The arguments regarding the attorney Nhlabatsi’s role must also fail.

S. 11 of the Wills Act No.12 of 1955 reads: “A person who attests the execution of any Will in the presence and by the direction of the testator or the person who is the spouse of such person at the time of attestation...or any person claiming under such persons or his spouse shall be incapable of taking any benefit whatsoever thereunder”

S. 12 reads: “If any person attests the execution of a Will or signs a Will in the presence and by the direction of the testator under which such person or his spouse is nominated as executor, administrator, trustee or guardian, such nomination will be null and void.” A fair reading of these makes it abundantly clear that what is precluded is the nomination as executor et al of an attesting witness to the Will or the spouse of such a person, and a gift to such attesting witness, his spouse or persons claiming under him.
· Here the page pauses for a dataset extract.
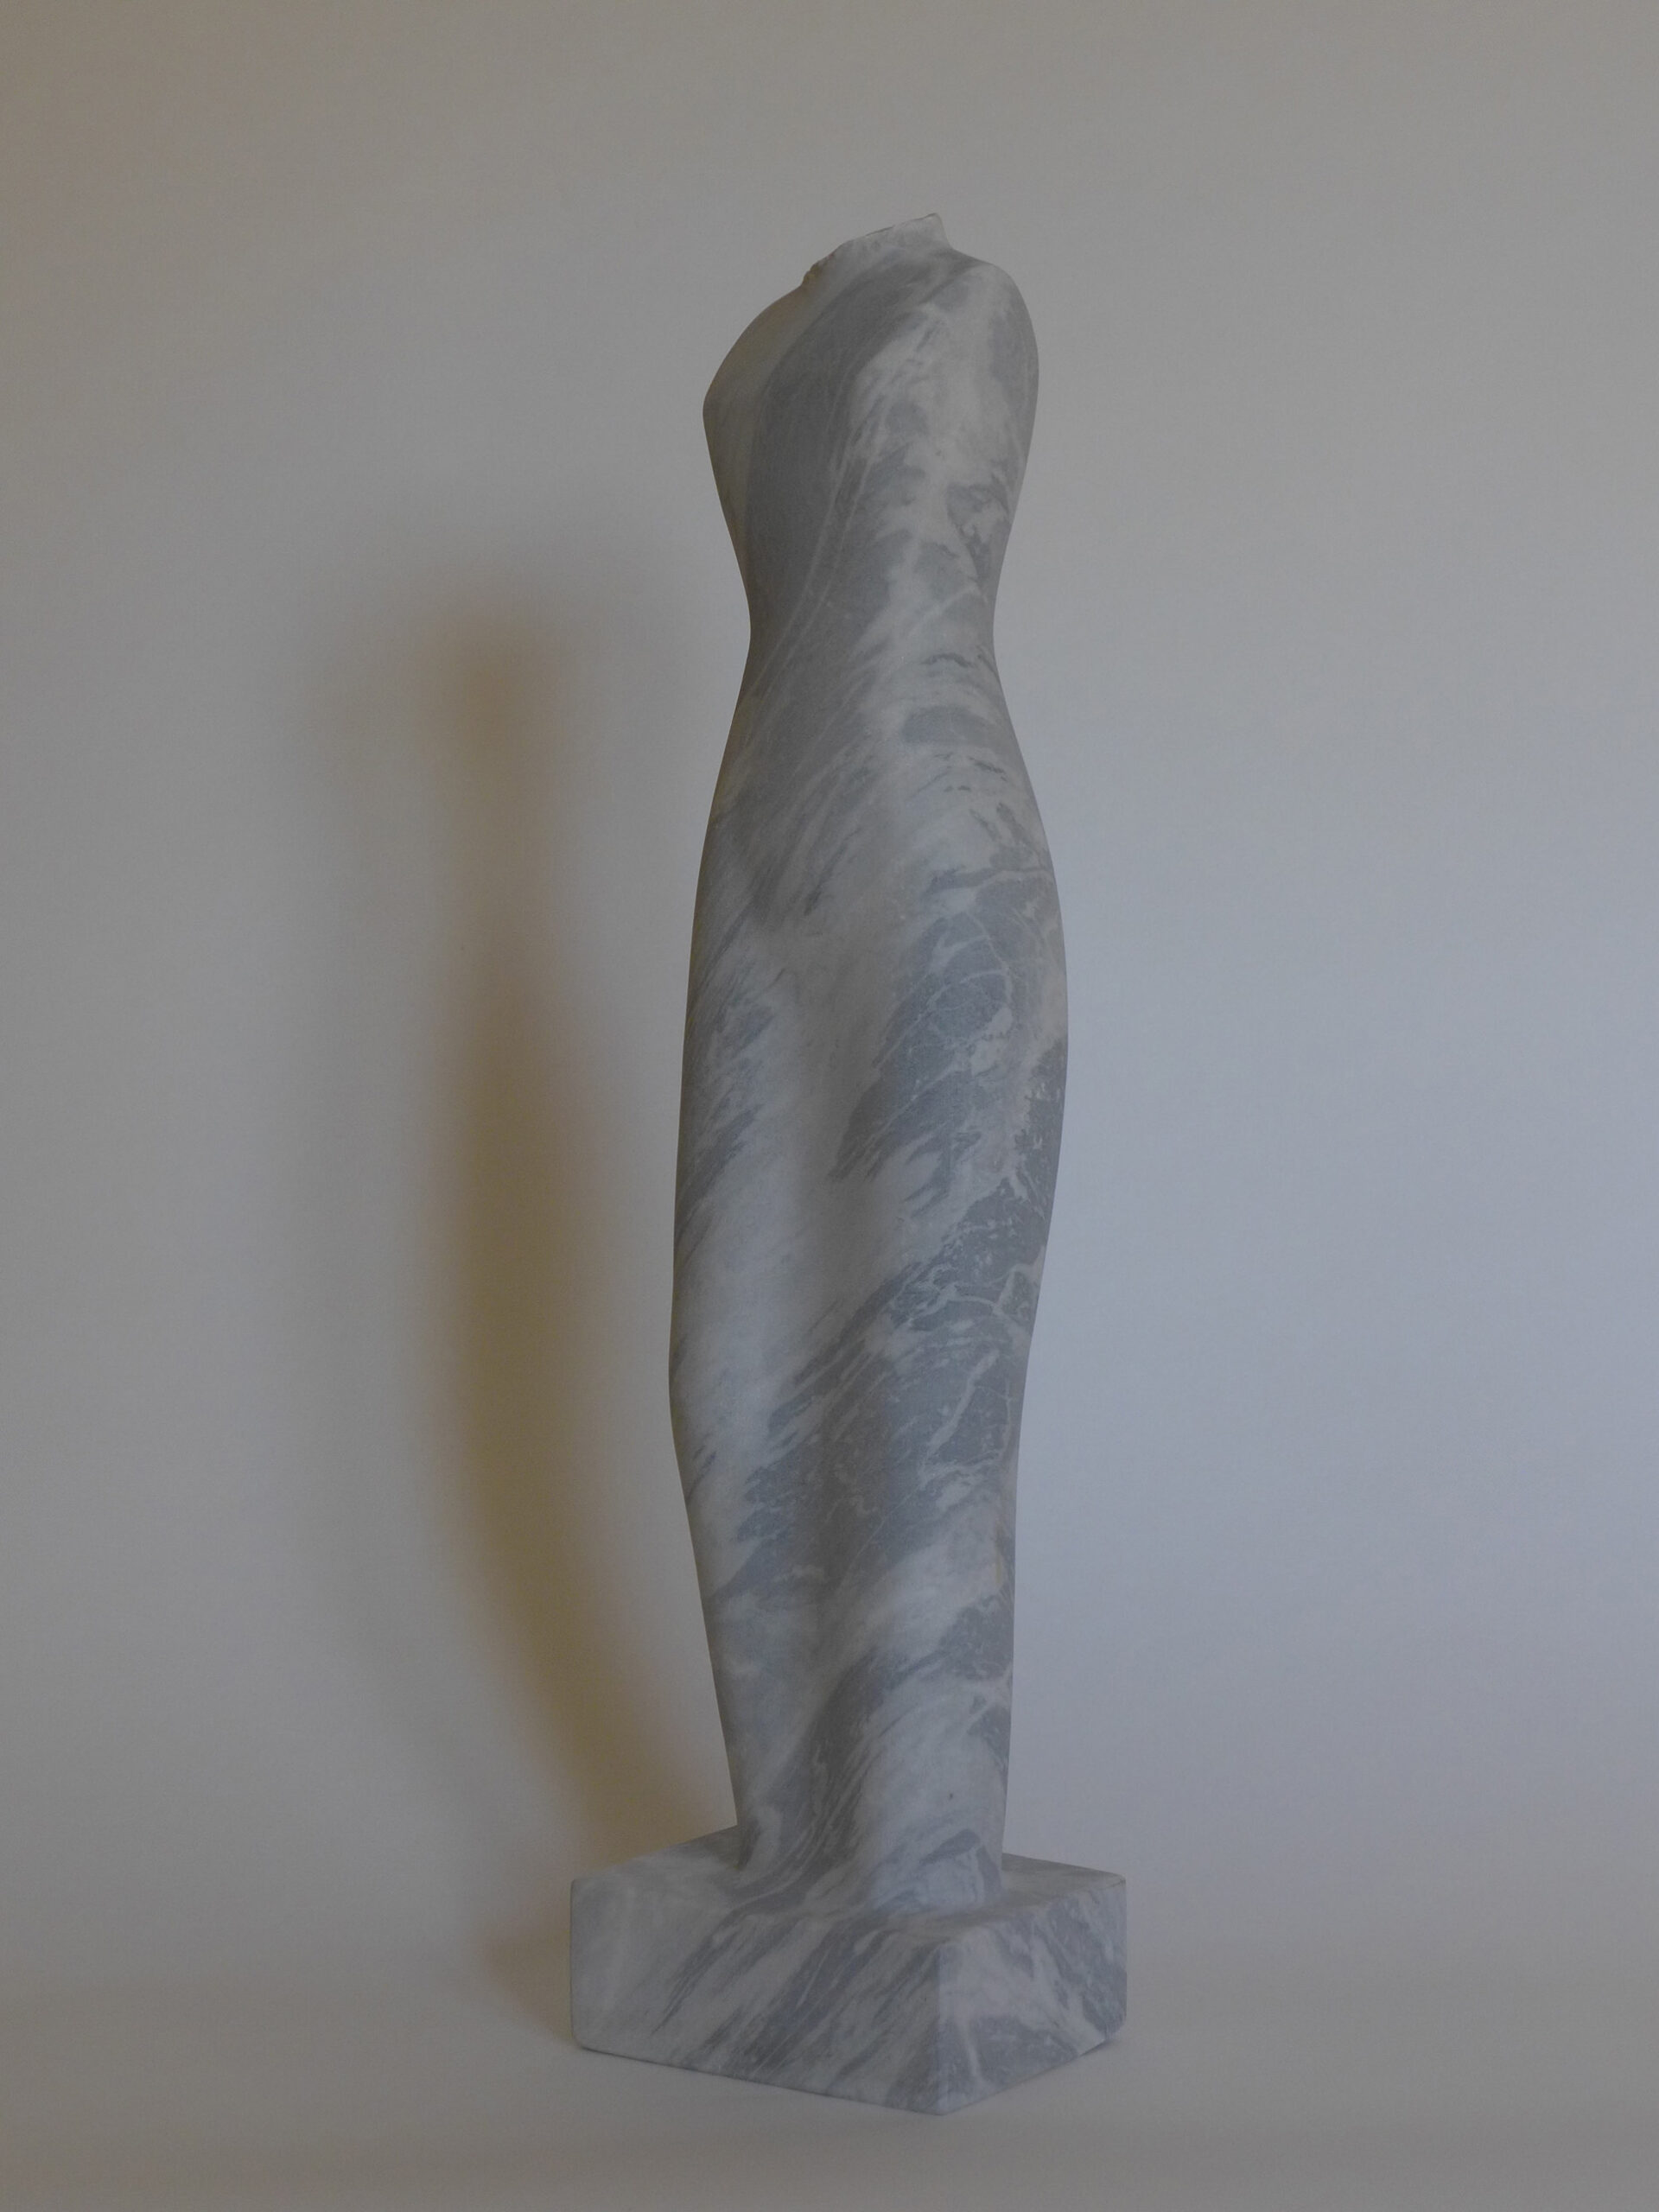 17, Ragazza, 2009, marbre Bardiglio de Carrare, h 69 cm

In such a case, it is the nomination to that office that is rendered null and void and the gift that must fail. The validity of the Will itself remains unaffected. If Mr. Nhlabatsi was found to be in such a position, then of course his nomination or gift would fail for invalidity. But no such evidence in line with Ss 11 and 12 aforesaid, regarding Mr. Nhlabatsi in relation to the attestation of the Will was led by the plaintiffs which circumstance although not affecting the validity of the Will itself, would have affected his nomination as executor.

It is my view also, that the nomination of Mr. Nhlabatsi or his successors to appoint an executor was not a delegation of the testator’s will-making power to a third party. That nomination is in my view proper, and in no way invalidates the Will. The arguments of learned counsel must thus be discountenanced.

I am satisfied that at the close of the plaintiff’s case, no prima facie case has been made requiring evidence in rebuttal from the defendants. Guided by the dictum contained in Gascoyne’s case (supra), I go ahead to say that this is a proper case to grant all the defendants absolution from the instance, and I do so accordingly.

Application for absolution from the instance is hereby granted, with costs to the first and fourth defendants.